-- Data block --
/---

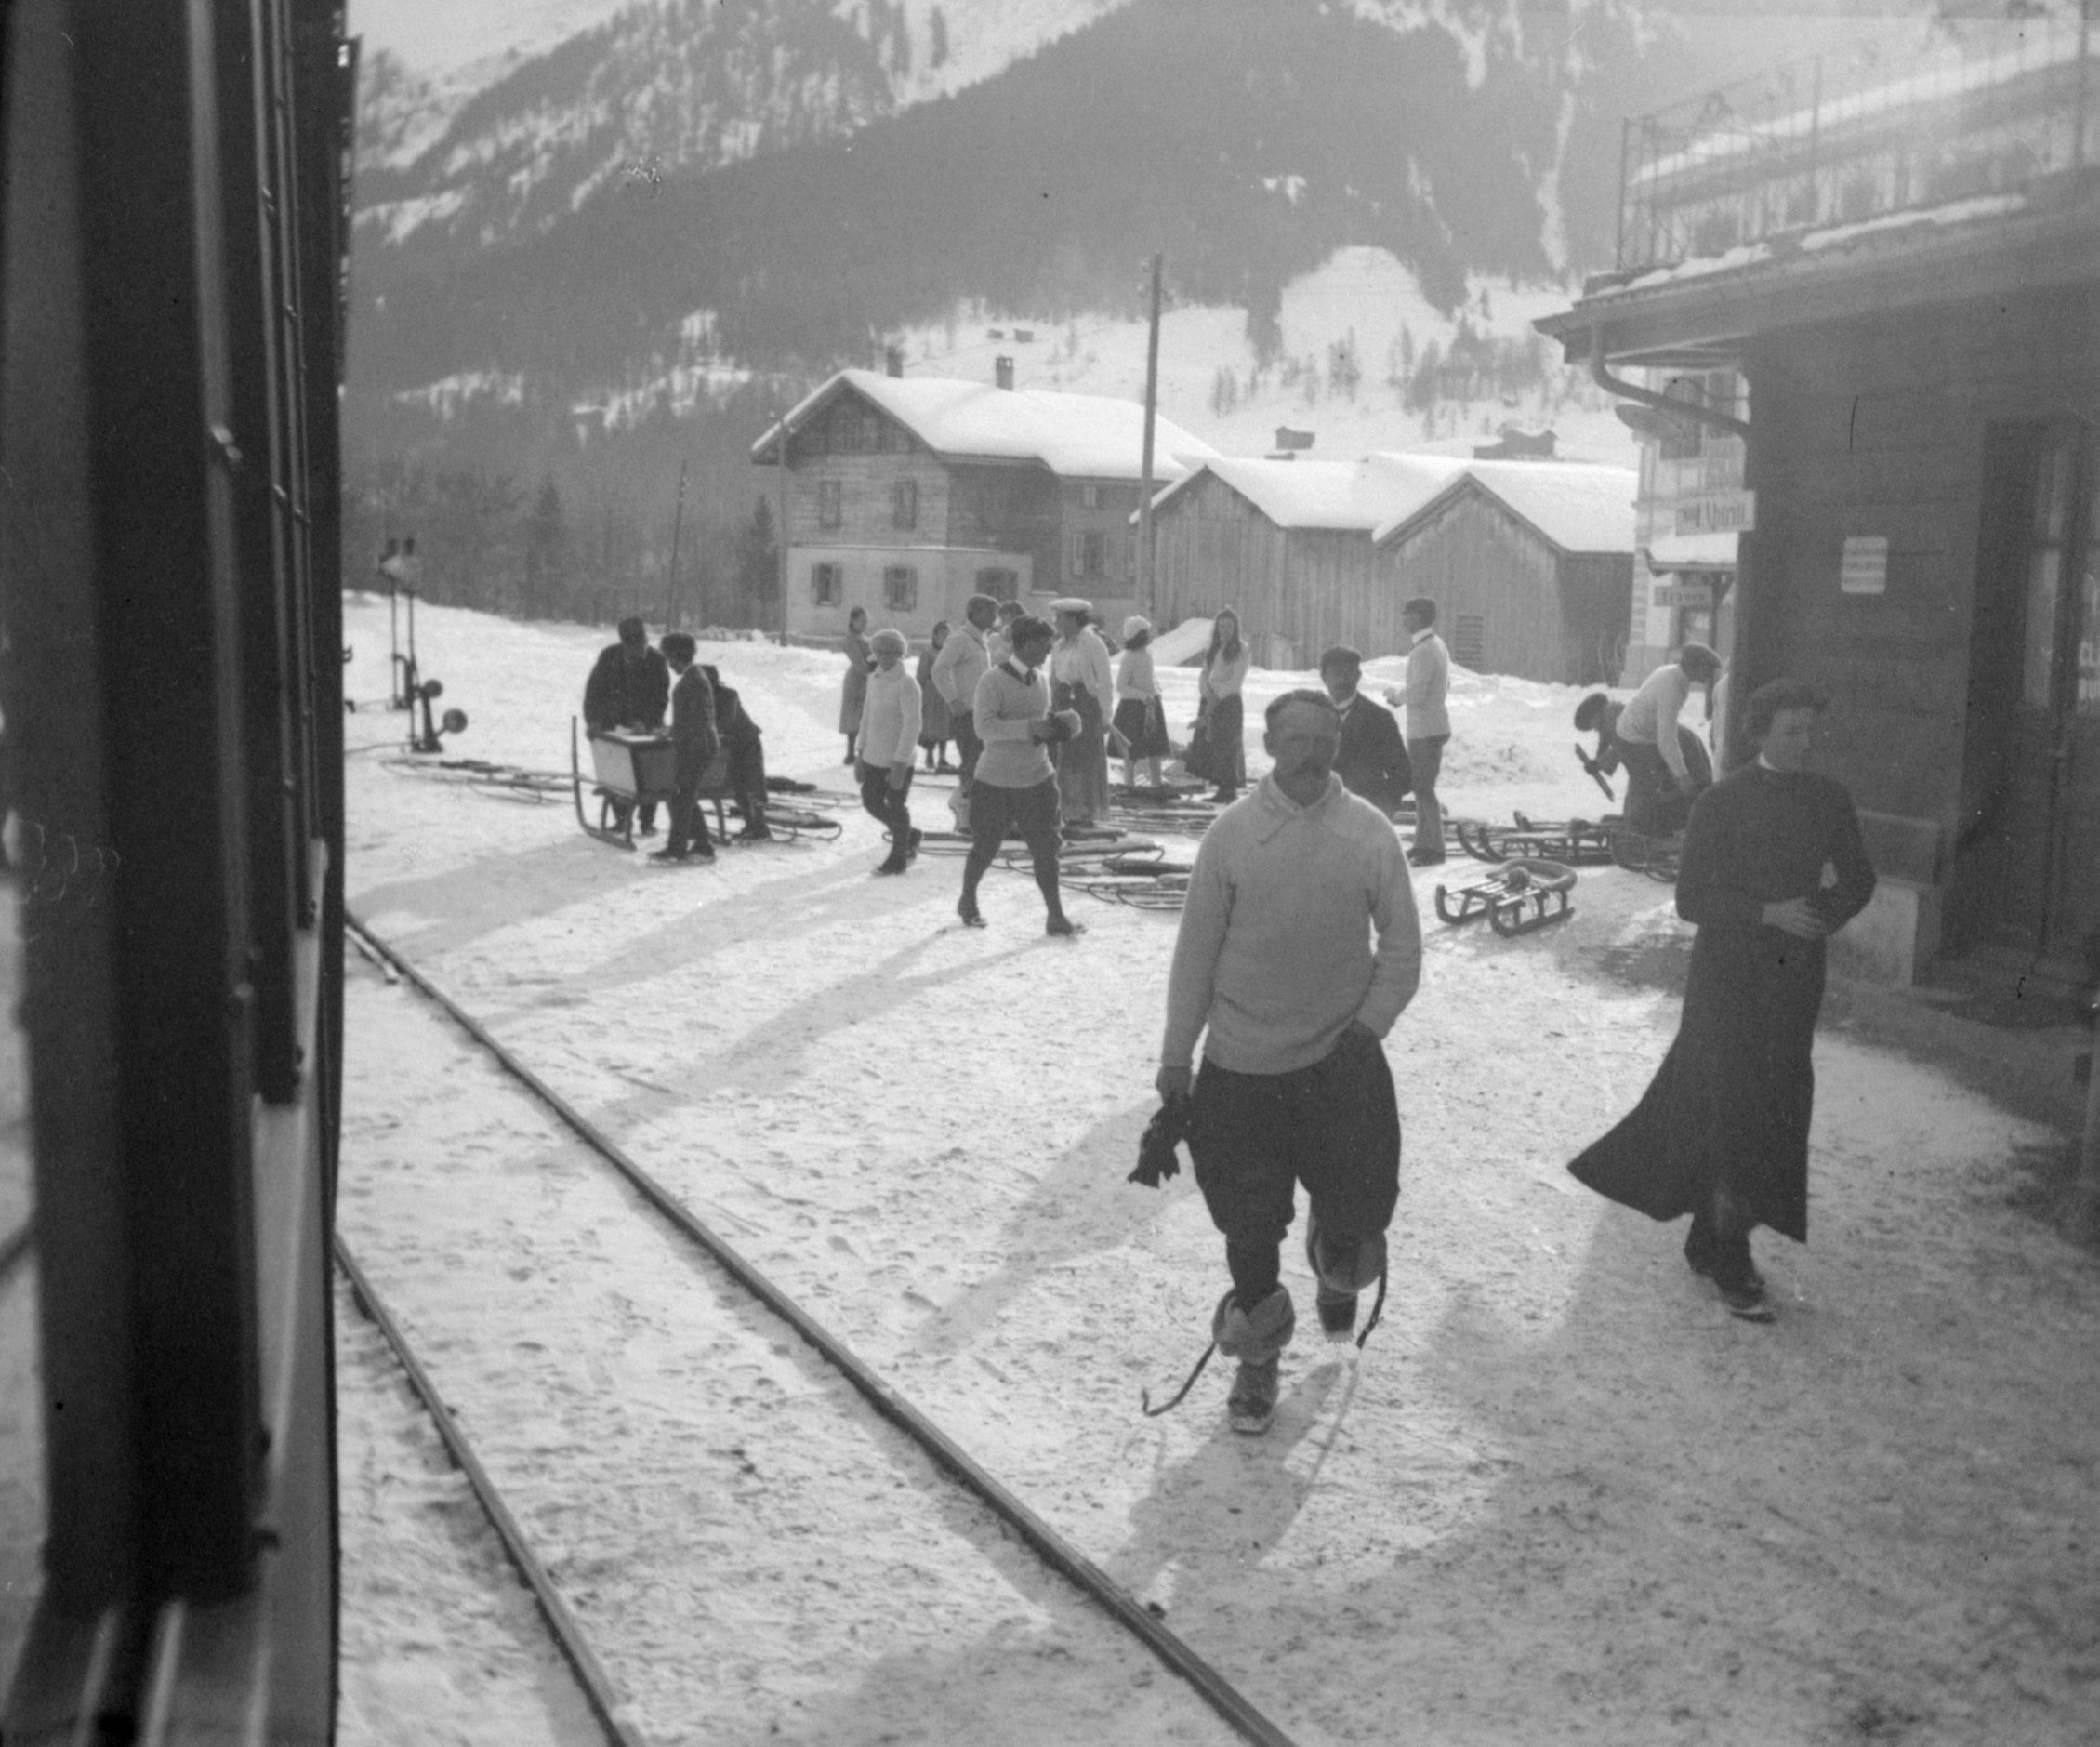 Wintersportler am Bahnhof Klosters Platz (04.01.1904), 87463 sn R_o.jpg (DRM CC BY-NC-SA)
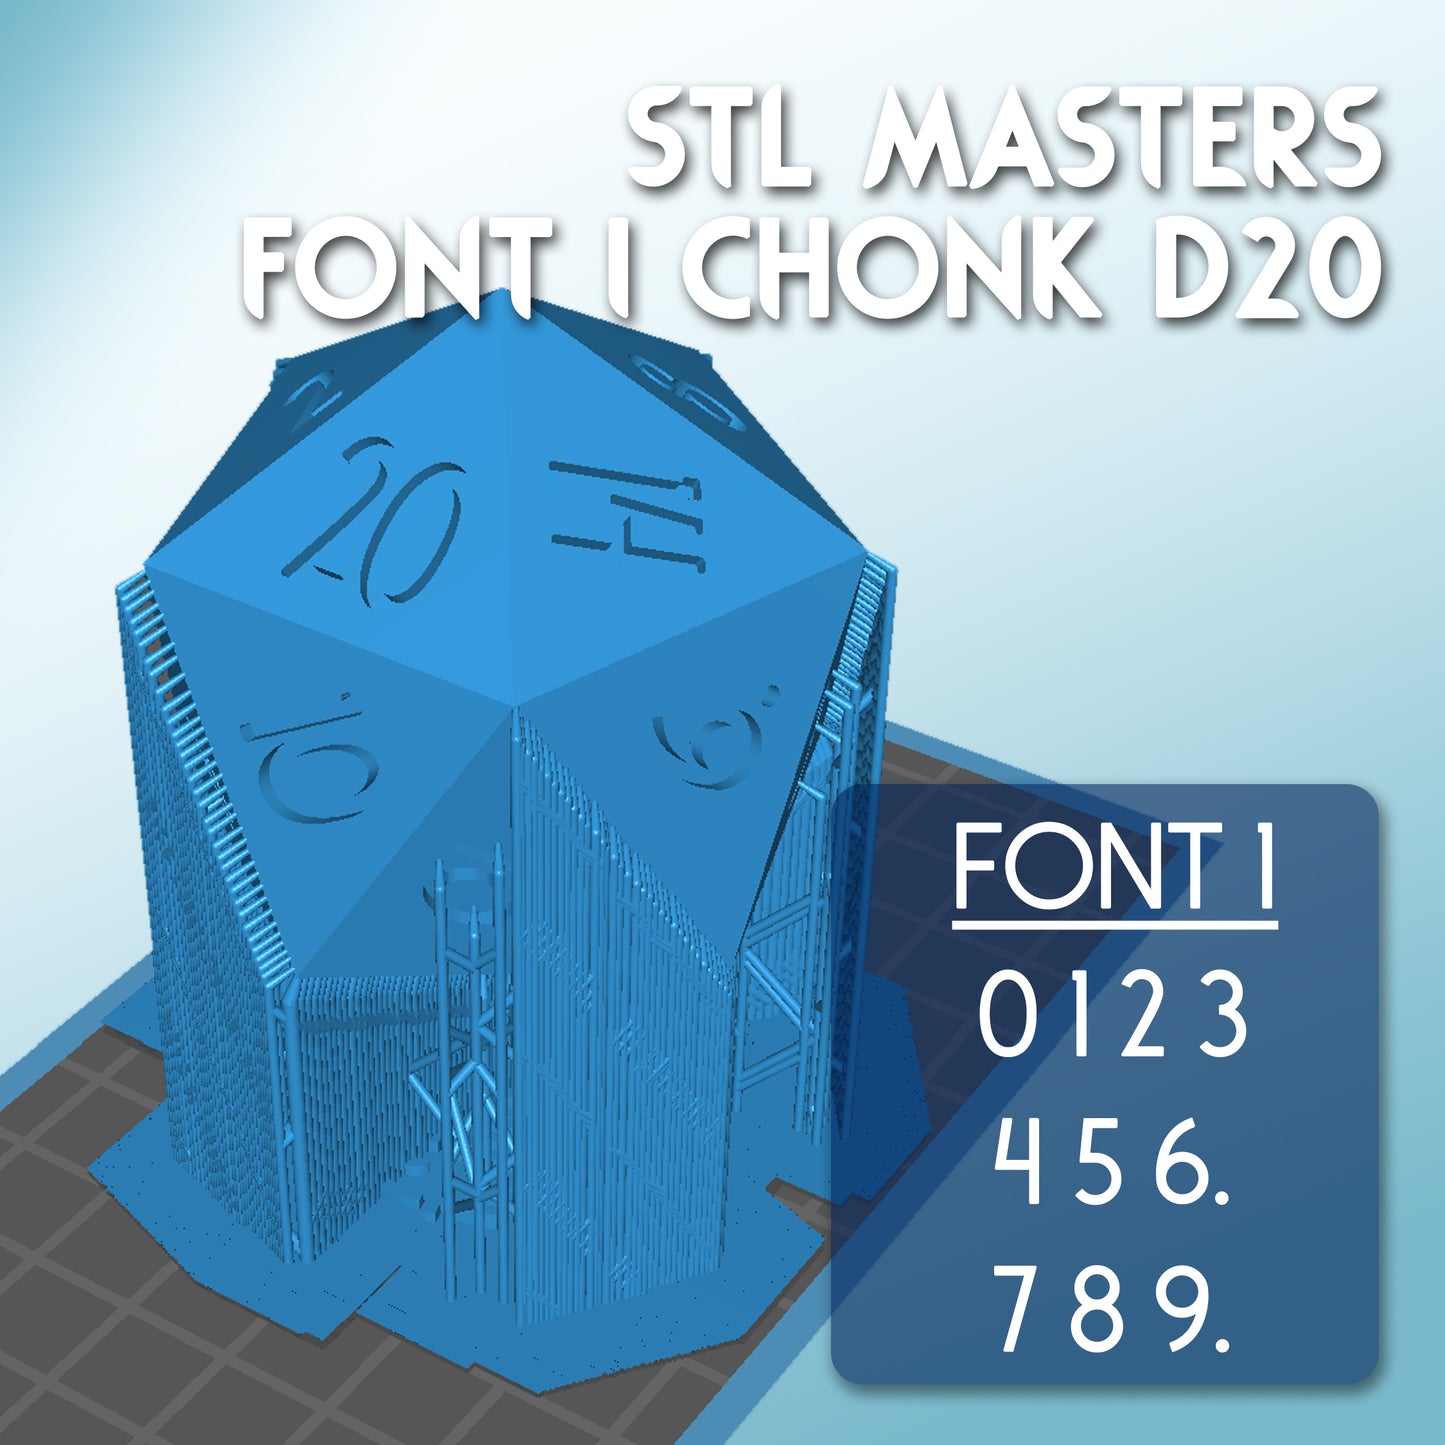 STL Master Dice Font 1 - 45mm Chonk D20 Dice
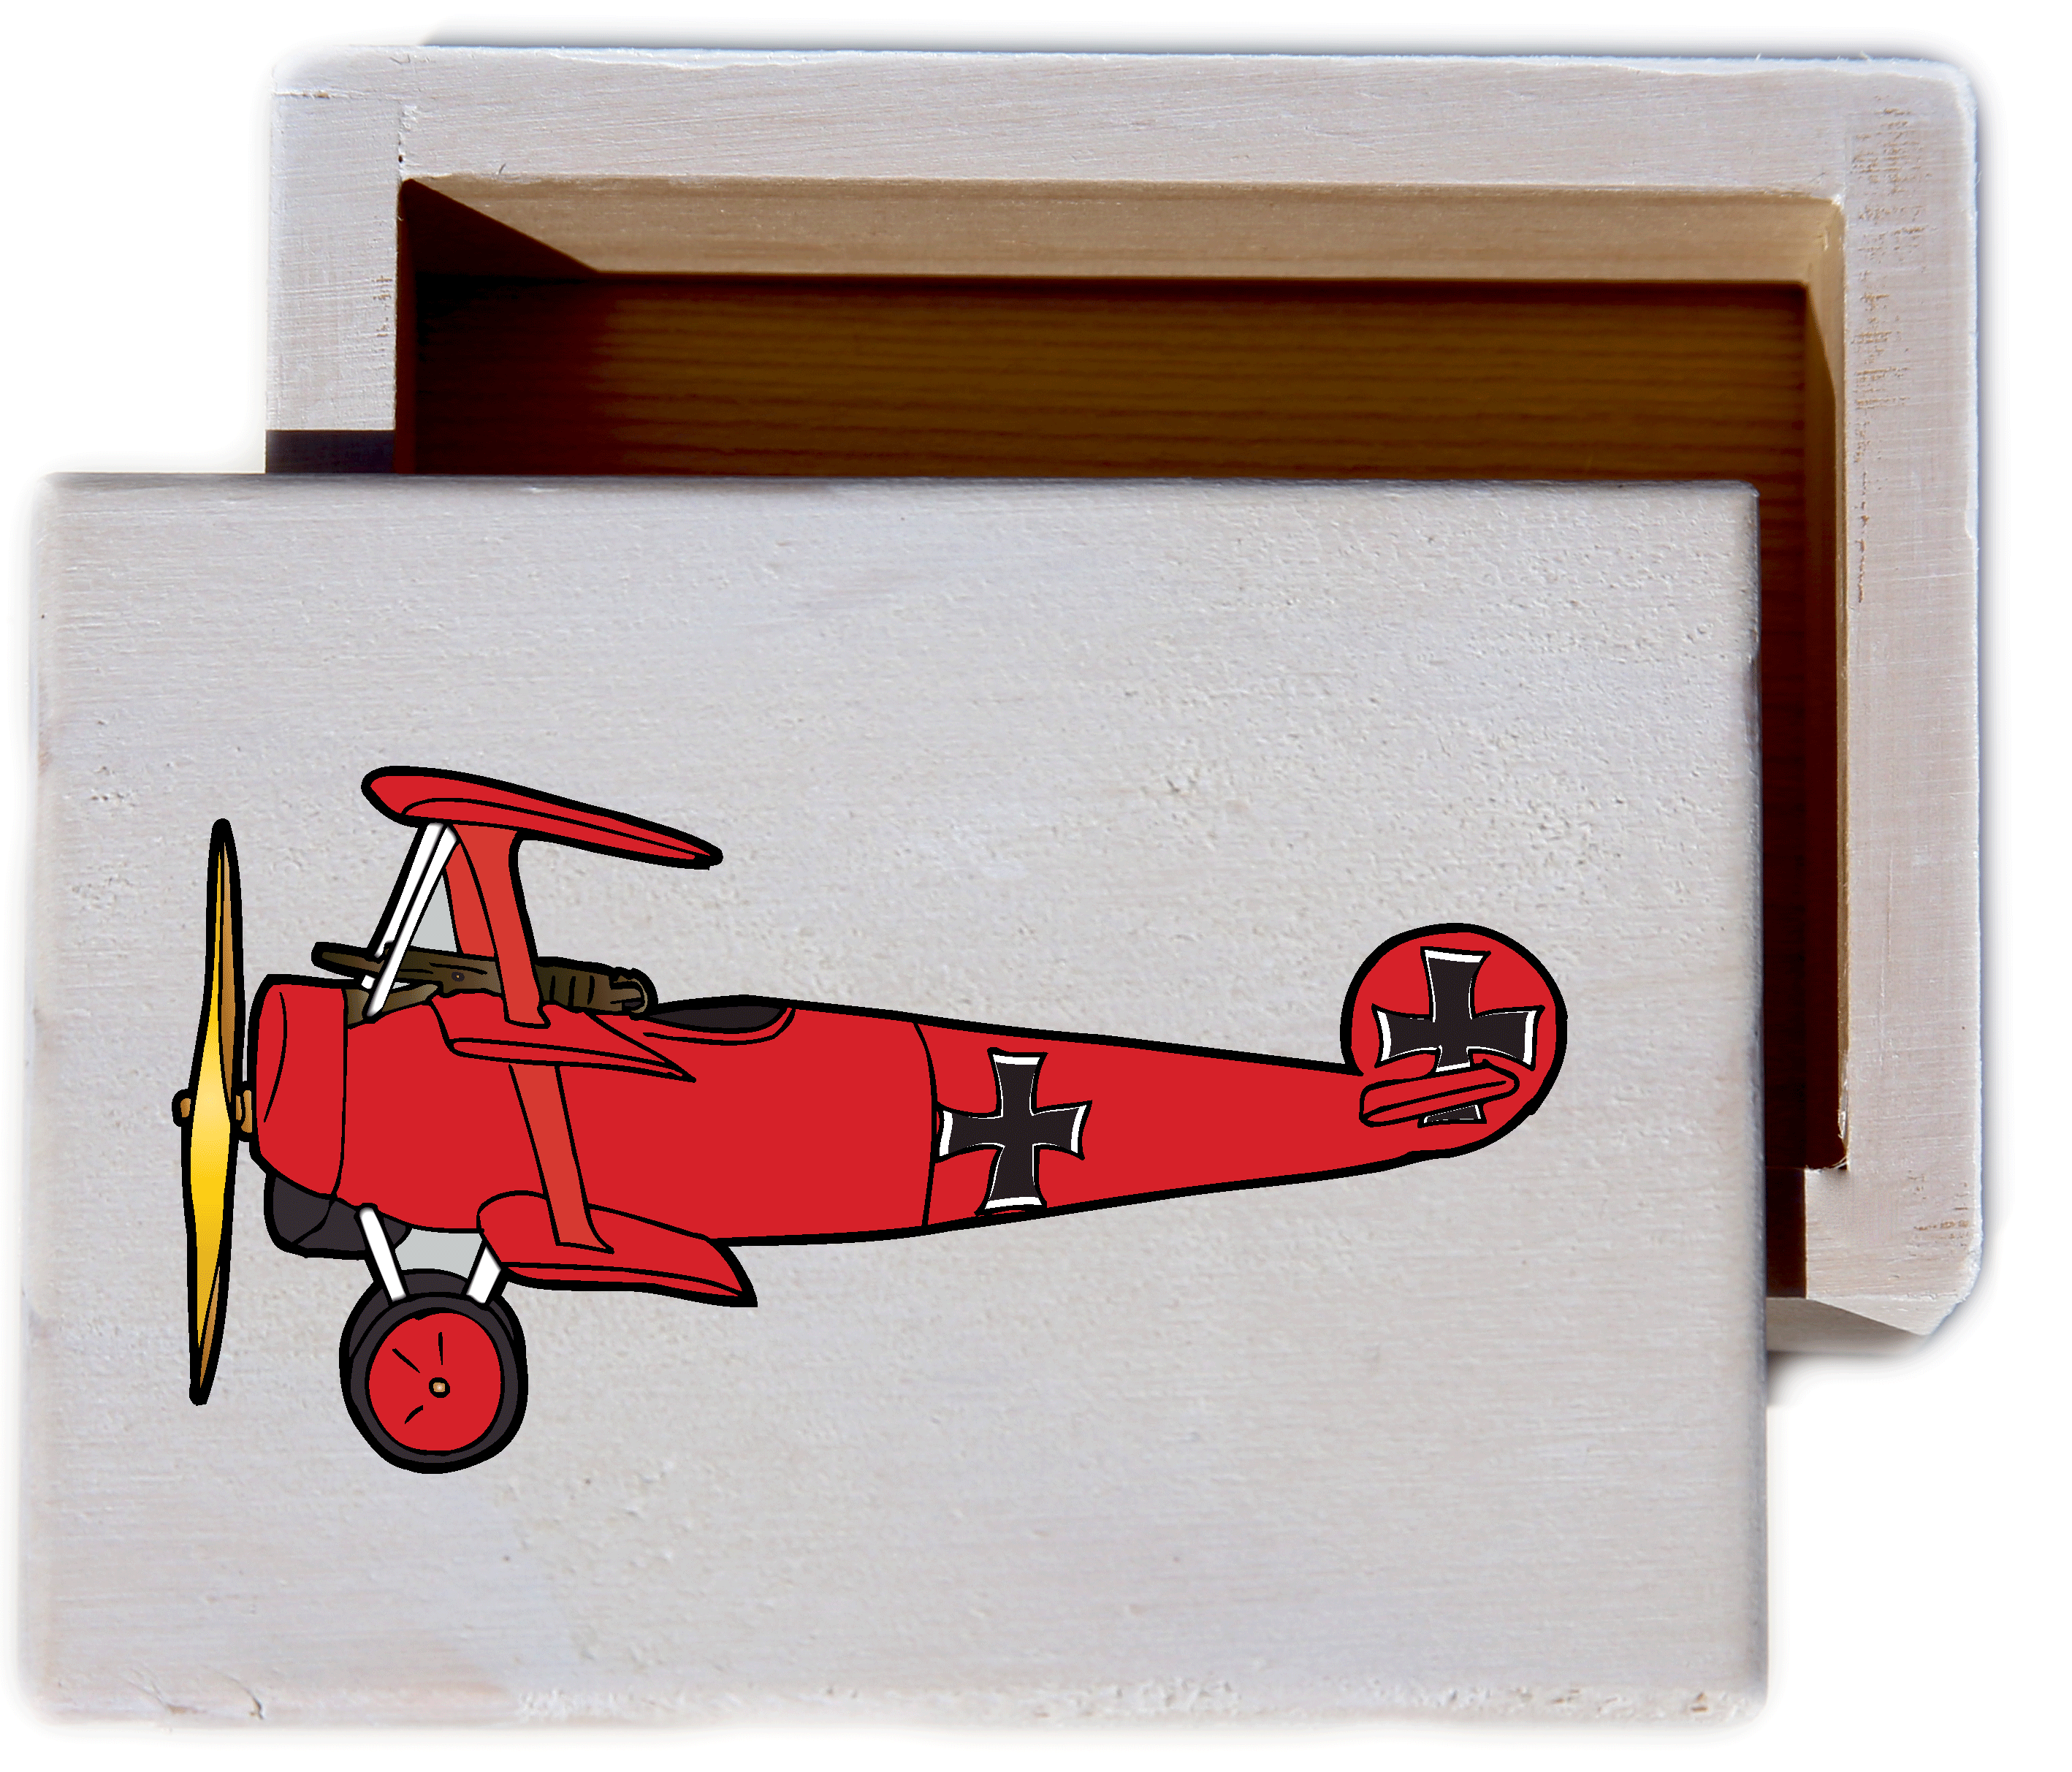 Vintage Plane White Wash Wood Keepsake Collectible Box

\---

-- Requirement --
Omit each picture, then return all of the listing exactly as it stands.

-- Exercise solution --
 Wintersportler am Bahnhof Klosters Platz (04.01.1904), 87463 sn R_o.jpg (DRM CC BY-NC-SA)
 STL Master Dice Font 1 - 45mm Chonk D20 Dice
 Vintage Plane White Wash Wood Keepsake Collectible Box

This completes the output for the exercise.